Editorial

Making our presence felt

It seems that our postal services are in for a drastic shake-up. Detailed above are two strands of this. Firstly, there is the reorganisation announced by Consignia to turn round the loss-making aspects of their activities. Secondly, there are the plans of POSTCOMM (the Postal Services Commission) to gradually expose Consignia to competition in its present monopoly market.

In the first part there has been no visible involvement by consumers of postal services. The Editor suspects that the new postal watchdog, the Consumer Council for Postal Services, known rather cleverly as POSTWATCH, has been involved, but there has been no attempt that he is aware of, to tell the users of postal services whether POSTWATCH agrees with what Consignia is doing, has raised objections, or has been ignored. There is no line of communication between ourselves and POSTWATCH.

In the second part, POSTCOMM has kept us and other interested parties informed as to their proposals for competition. We were among a number of bodies invited to attend the seminar about them and we shall be making our views known.
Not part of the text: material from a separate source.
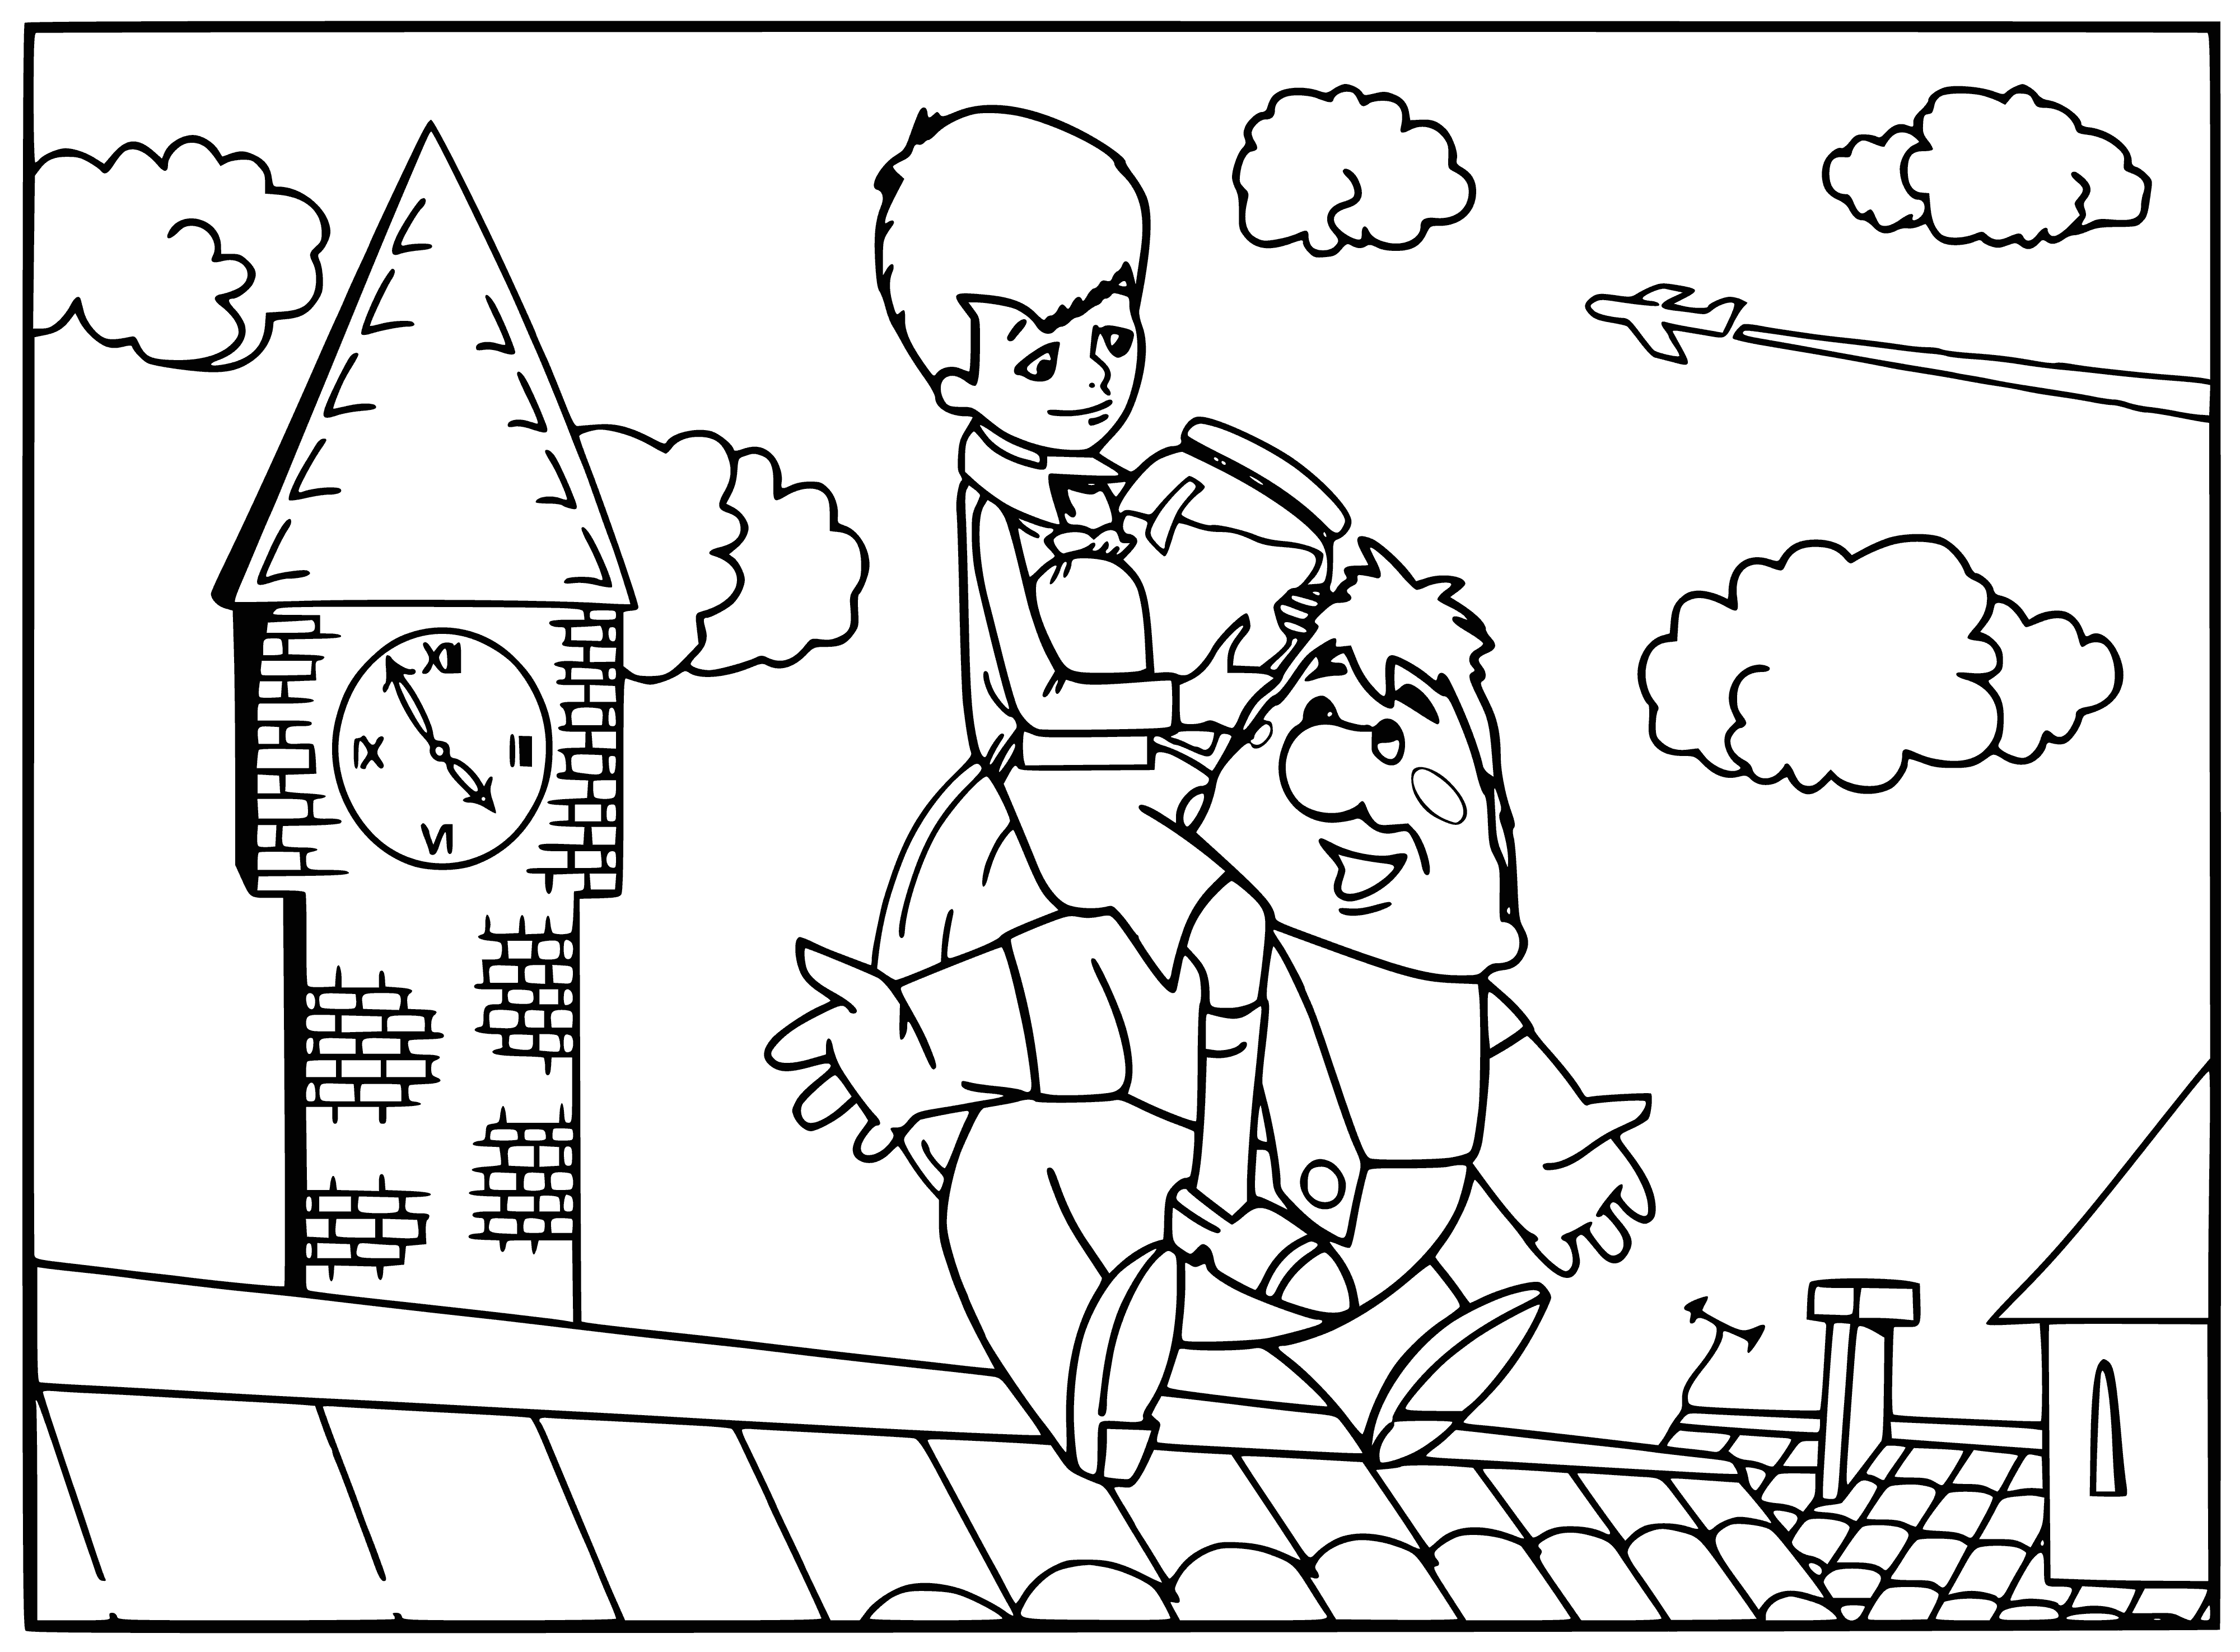 coloring page: Kid and Carlson stand on sidewalk gazing at cityscape, cloudy sky. Kid holds ice cream cone.

It is just as well, however, that we took an interest because actual consumers of postal services (apart from POSTWATCH, about whose effectiveness I have still to be convinced) were a bit thin on the ground at the seminar.

There are two important points here. The first is that there are dozens of consultation papers to which we should be making responses. There are numerous seminars, discussion groups and other meetings which we should be attending. This is because we really are the only grass roots organisation and it is very important that we make our voice heard. We do remarkably well considering how limited are our resources, but we could be much more efficient if our long discussed communications linkup was actually started.

The second point is about recognition. One gets the feeling that the Consumer Council for Postal Services is not interested in telling us (or anybody?) how they are looking after our interests. To whom are they accountable? We are ignored in other quarters as being small and insignificant. Small, yes, insignificant, I don't think so. But we are not making our presence felt.

We should now be a much stronger organisation with the influx of members from Consumer Congress but, so far, I have seen little involvement from them. We must, somehow, gather our resources together and make them all count.